- **Work to be completed**
The listing below should be printed exactly, though its pictures must not be.

- **Dataset content**
- - - -

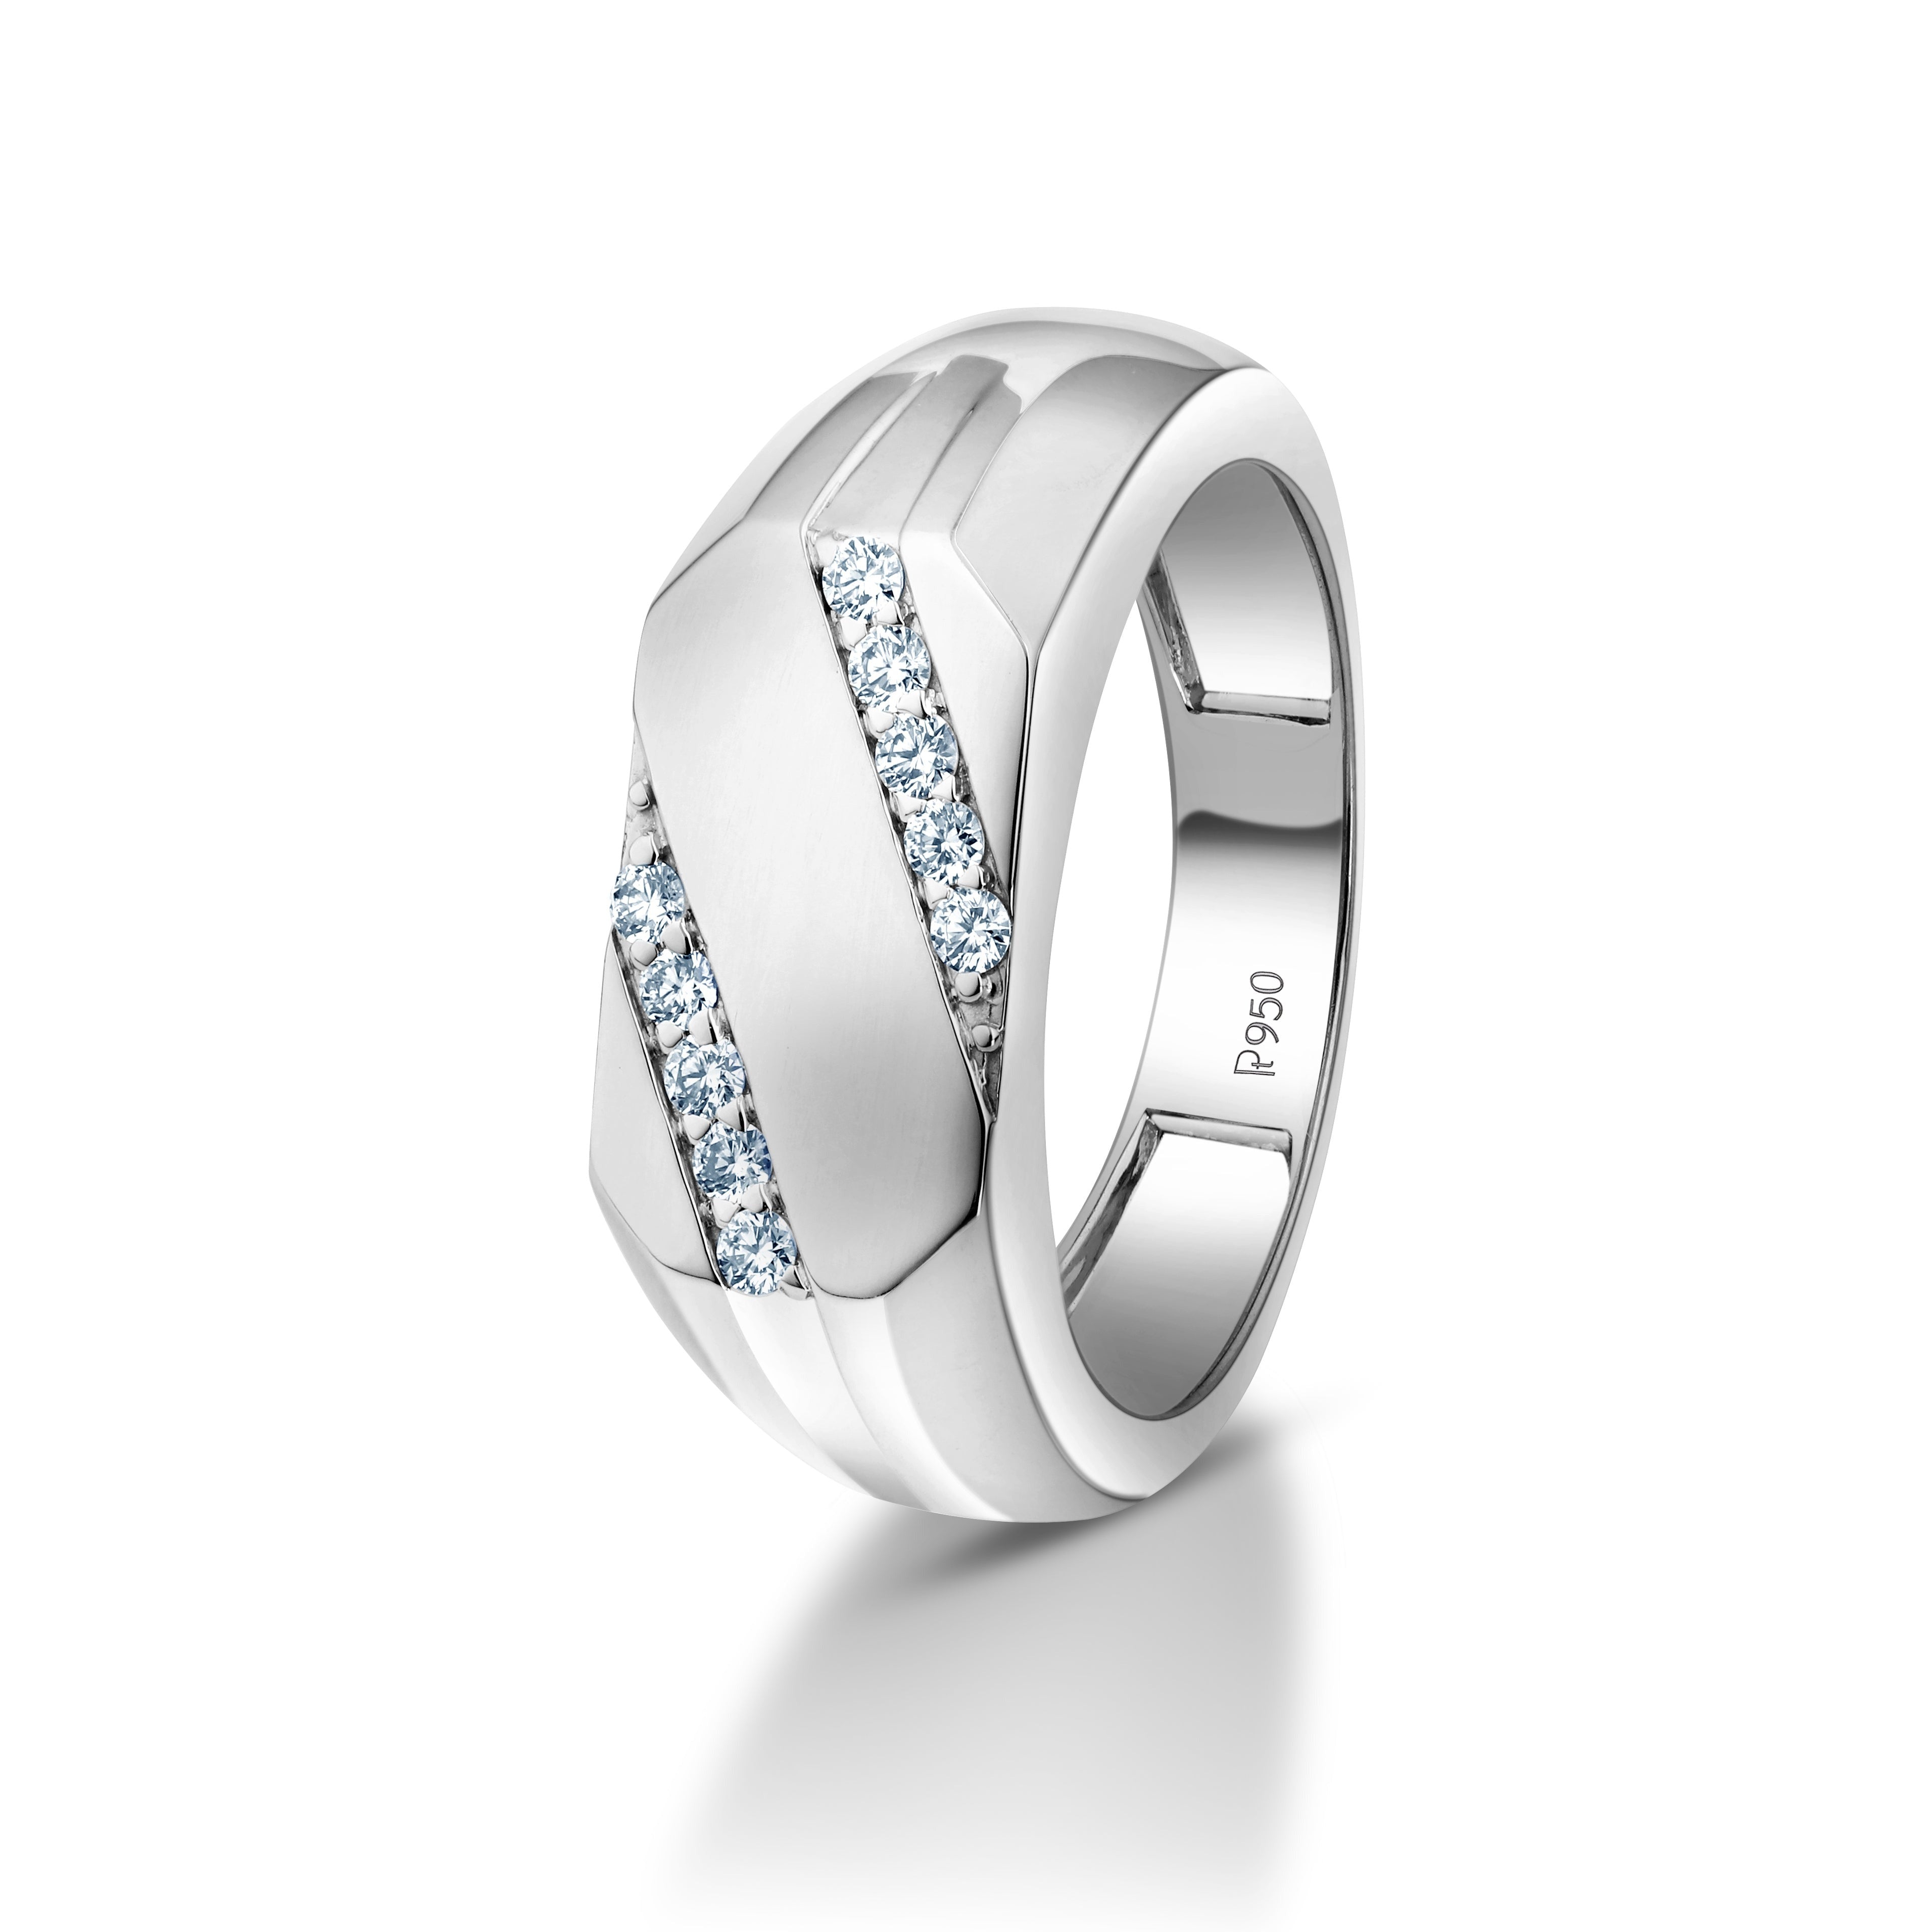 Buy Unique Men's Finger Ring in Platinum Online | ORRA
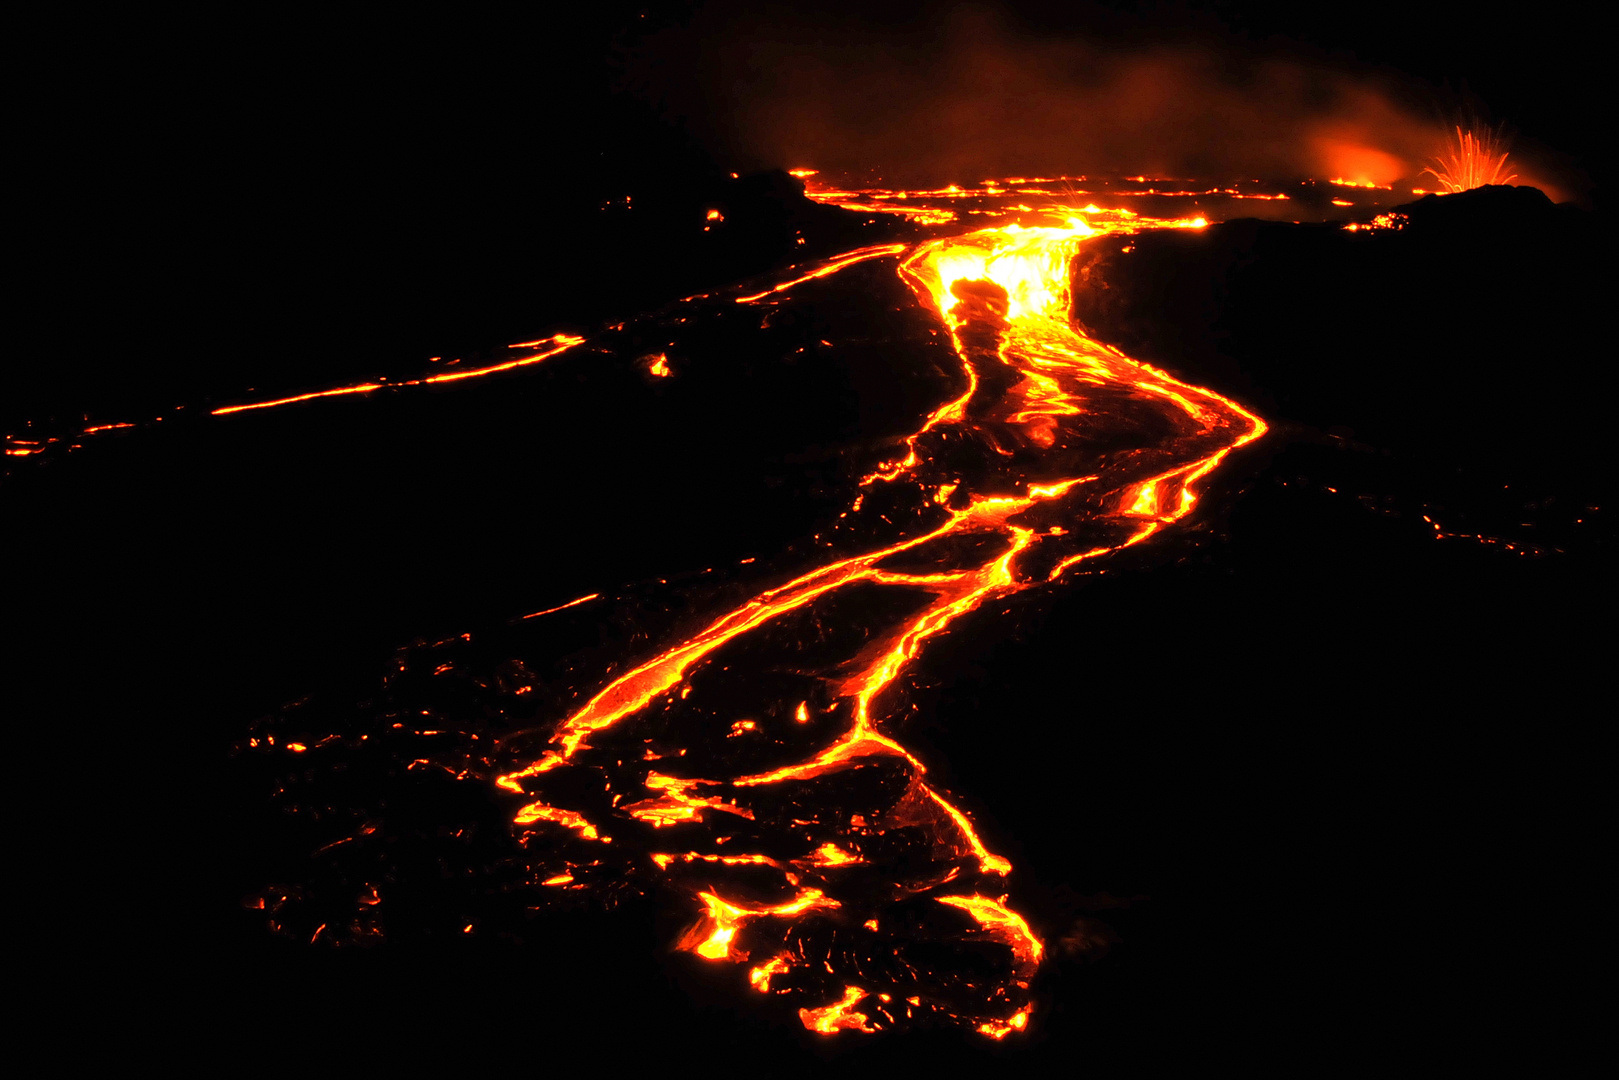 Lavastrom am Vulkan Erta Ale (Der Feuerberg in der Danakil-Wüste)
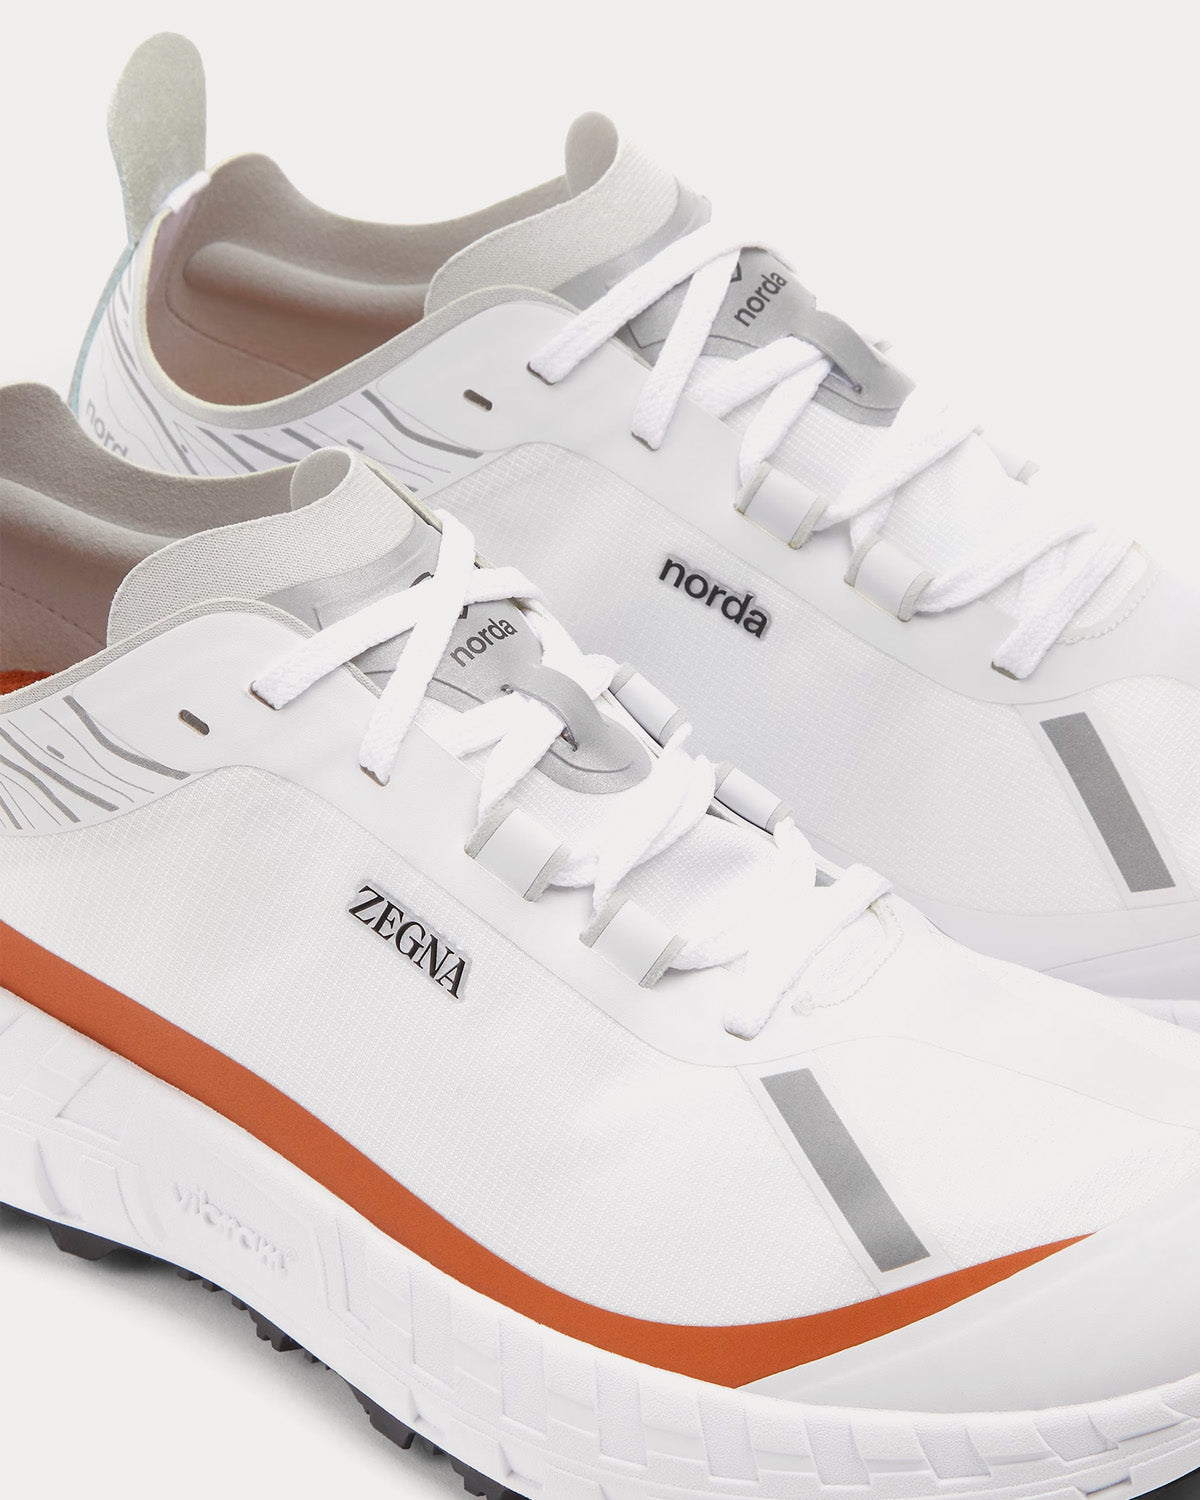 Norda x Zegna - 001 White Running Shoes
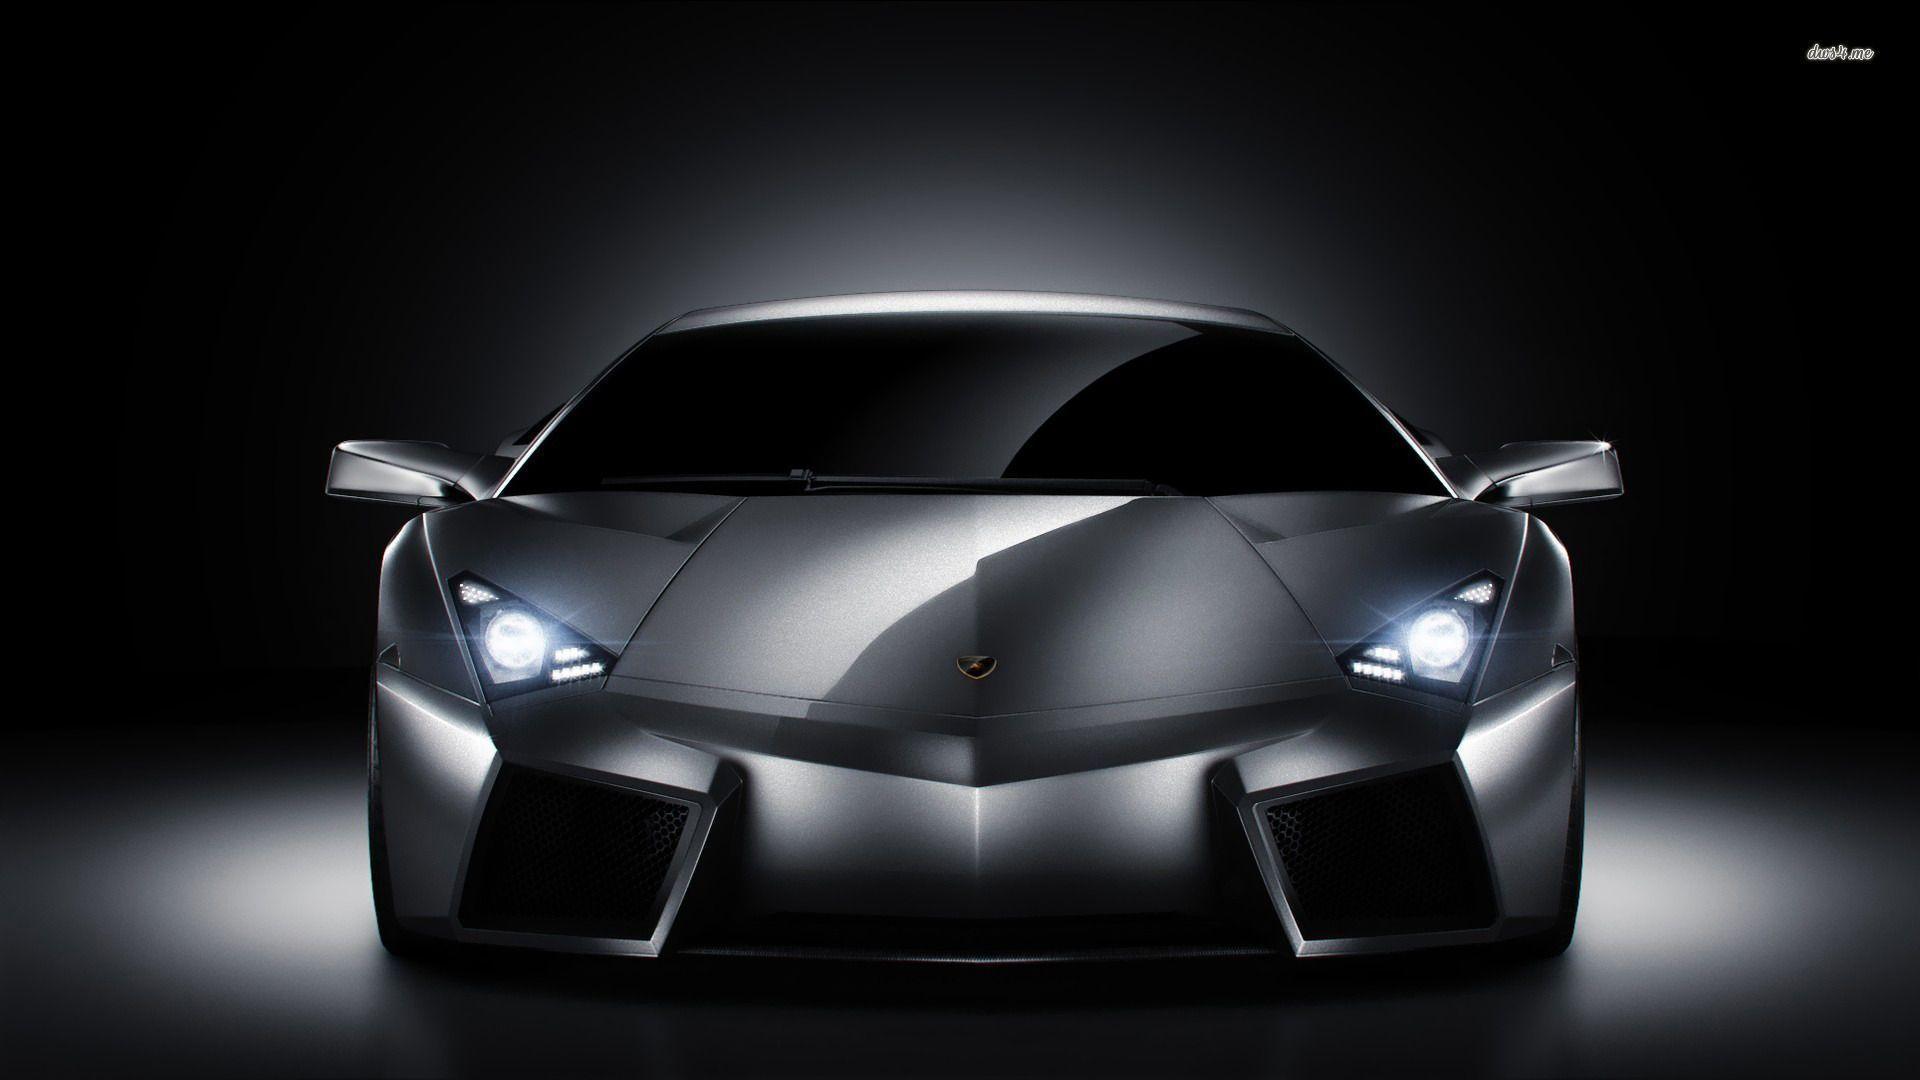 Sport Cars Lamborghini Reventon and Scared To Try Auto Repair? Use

- - - -

- **Task answer**
 Buy Unique Men's Finger Ring in Platinum Online | ORRA
 Lavastrom am Vulkan Erta Ale (Der Feuerberg in der Danakil-Wüste)
 Norda x Zegna - 001 White Running Shoes
 Sport Cars Lamborghini Reventon and Scared To Try Auto Repair? Use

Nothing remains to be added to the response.